The state flags are ACPI specific, so we need to translate to
something Linux generic when it moves to the libnvdimm sub-system.
Read-only when the energy source fails is a preventative measure, the
other state flags indicate that data has already been lost.

> Some driver or software might find temporarily writing to those
> locations in-place would be useful (e.g. run fsck before copying
> the repaired filesystem content to another storage device), so we
> shouldn't cut them off unnecessarily.

The read_only attribute can be overridden, i.e. it's only a default
value for safety.
Lijun.Pan@dell.com Nov. 8, 2017, 1:18 a.m.
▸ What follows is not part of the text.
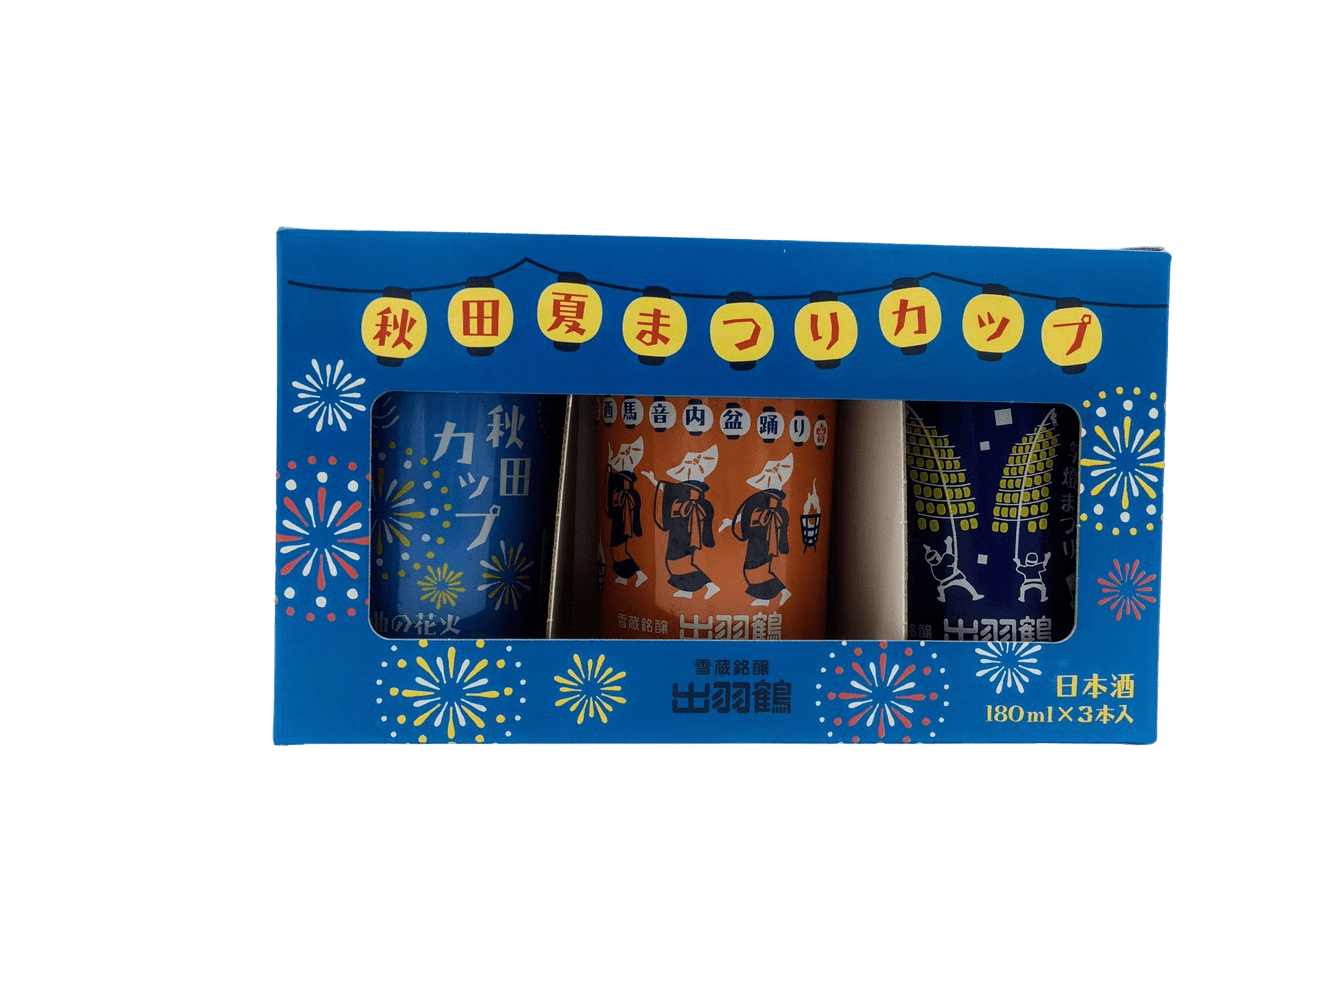 ZEN 清酒日常 - 出羽鶴 夏祭杯裝純米酒[180ml x 3]

UTC | #4
> -----Original Message-----
> From: Dan Williams [mailto:dan.j.williams@intel.com]
> Sent: Monday, November 6, 2017 5:32 PM
> To: Pan, Lijun <Lijun_Pan@Dell.com>
> Cc: linux-nvdimm@lists.01.org
> Subject: Re: [PATCH] acpi/nfit: export read_only attribute of dimms
> 
> On Mon, Oct 30, 2017 at 1:41 PM, Lijun Pan <Lijun.Pan@dell.com> wrote:
> > Though flags attribute provides enough information about
> > the dimm, it is nice to export the read_only attribute if
> > bit3 of NVDIMM state flag is set.
> > If error is injected by BIOS, bit3 and bit1 are both set.
> > If DIMM is set to read-only by BIOS, bit3 is set.
> > Hence bit3 is good enough to tell whether the dimm is in
> > read-only mode or not.
> 
> Hmm, can you say about more about why we need this additional attribute?
> 
> Applications don't read and write the DIMM directly, they only
> interface with the DIMM through namespaces of a given region. The
> region device already has a 'read_only' attribute. See
> read_only_show() in drivers/nvdimm/region_devs.c.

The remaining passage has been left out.